使用 python 和 selenium 从主页提取所有 youtube 视频 url
Extract all youtube video urls from homepage using python and selenium
我正在寻找构建一个 Youtube 推荐抓取工具,它抓取 Youtube 主页以寻找 youtube 视频 ids/links 以便稍后使用 youtube-dl 下载。但是,我不知道 how/where 是否真正获得了这些信息。
我尝试的代码如下:
from selenium import webdriver
driver = webdriver.Chrome('./chromedriver/chromedriver')
driver.get("https://www.youtube.com")
while True:
data = driver.find_elements_by_xpath("?")
for i in data:
l = i.get_attribute('href') #Should obtain some of the links/ids on the page but is None...

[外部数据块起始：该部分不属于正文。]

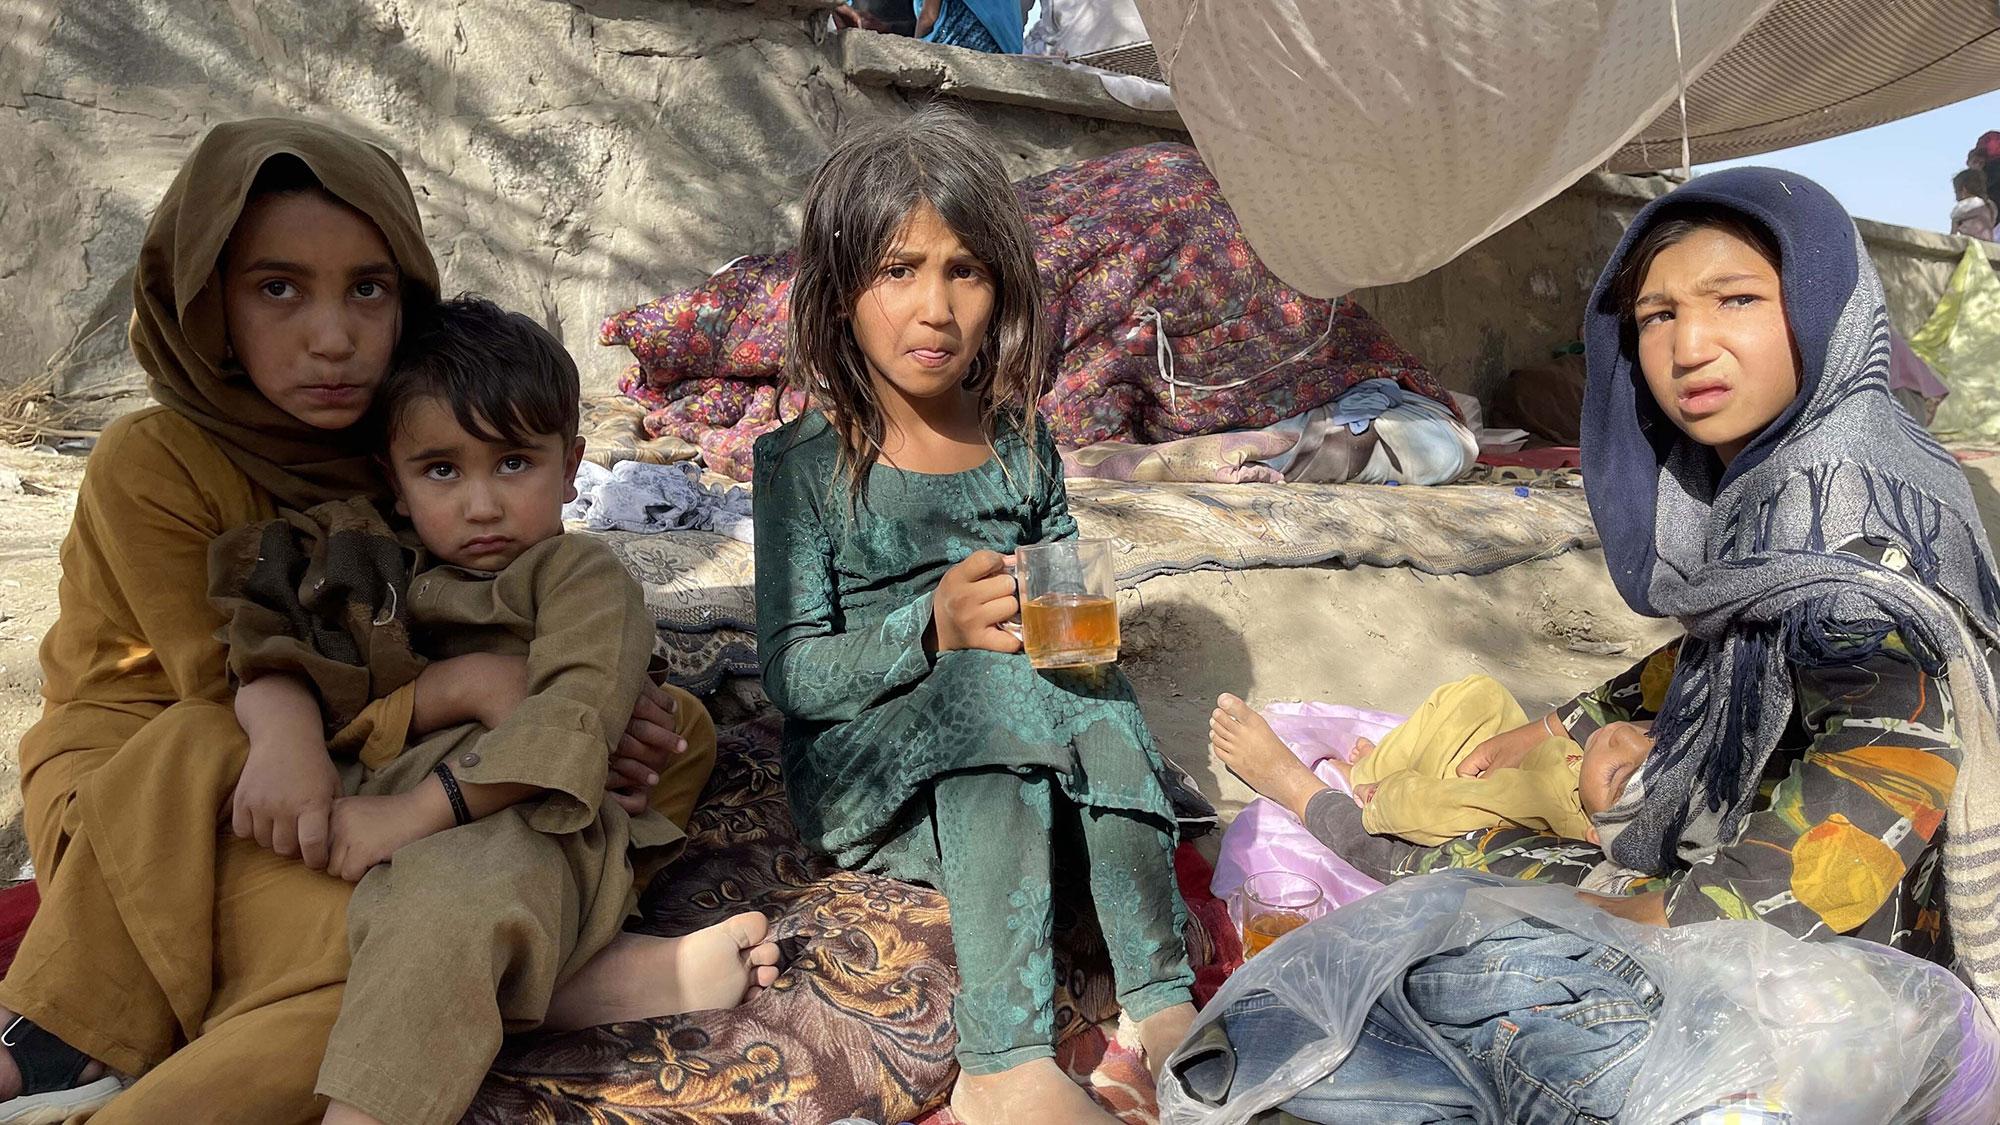 Des enfants afghans sont assis dehors.

您的选择与任何元素都不匹配。通过简单地查看我的 youtube 首页的 html-source,我注意到,每个包含视频的元素都是 id 'thumbnail' 的 a-tag,它也具有直接属性 'href':
鉴于此,您可以通过这个确切的 id 找到元素并从中提取给定的属性“href”并通过简单的列表理解来过滤它,如下所示:
driver.get("https://www.youtube.com")
hrefs = [video.get_attribute('href') for video in driver.find_elements_by_id("thumbnail")]
for href in hrefs:
print(href)
输出:
https://www.youtube.com/watch?v=PcYxbxXJhcc
https://www.youtube.com/watch?v=oTL52-NvyE4
https://www.youtube.com/watch?v=8kVI621fZug
https://www.youtube.com/watch?v=Pr9TdbTDMH0
https://www.youtube.com/watch?v=iL9upp5jahg
https://www.youtube.com/watch?v=iWnb3IqCfgc
https://www.youtube.com/watch?v=ehAwNw4xDRM
https://www.youtube.com/watch?v=PzVj7s4JZhE
https://www.youtube.com/watch?v=7fBdqdqRxFM
https://www.youtube.com/watch?v=WMweEpGlu_U
https://www.youtube.com/watch?v=2ljGwsbRLaI
https://www.youtube.com/watch?v=aUgEPebvR2Q
https://www.youtube.com/watch?v=Gh6ovYtD2Q8
https://www.youtube.com/watch?v=dVICcSLIHCM
https://www.youtube.com/watch?v=bl6mPR5t6Dk
https://www.youtube.com/watch?v=mMKXCfTDjvg
https://www.youtube.com/watch?v=z_HhNWNm_jo
https://www.youtube.com/watch?v=ZtiqfY8fixU
https://www.youtube.com/watch?v=9eAcRFlXxgo
https://www.youtube.com/watch?v=omC2eg-d-6Q
https://www.youtube.com/watch?v=E90SOw7fIVk
https://www.youtube.com/watch?v=5qap5aO4i9A
https://www.youtube.com/watch?v=T3ua3xTfbFI
https://www.youtube.com/watch?v=DTvS9lvRxZ8
在抓取之前始终分析目标源的 html 结构,然后选择最适合查找数据的内容。
我正在寻找构建一个 Youtube 推荐抓取工具,它抓取 Youtube 主页以寻找 youtube 视频 ids/links 以便稍后使用 youtube-dl 下载。但是,我不知道 how/where 是否真正获得了这些信息。
我尝试的代码如下:
from selenium import webdriver
driver = webdriver.Chrome('./chromedriver/chromedriver')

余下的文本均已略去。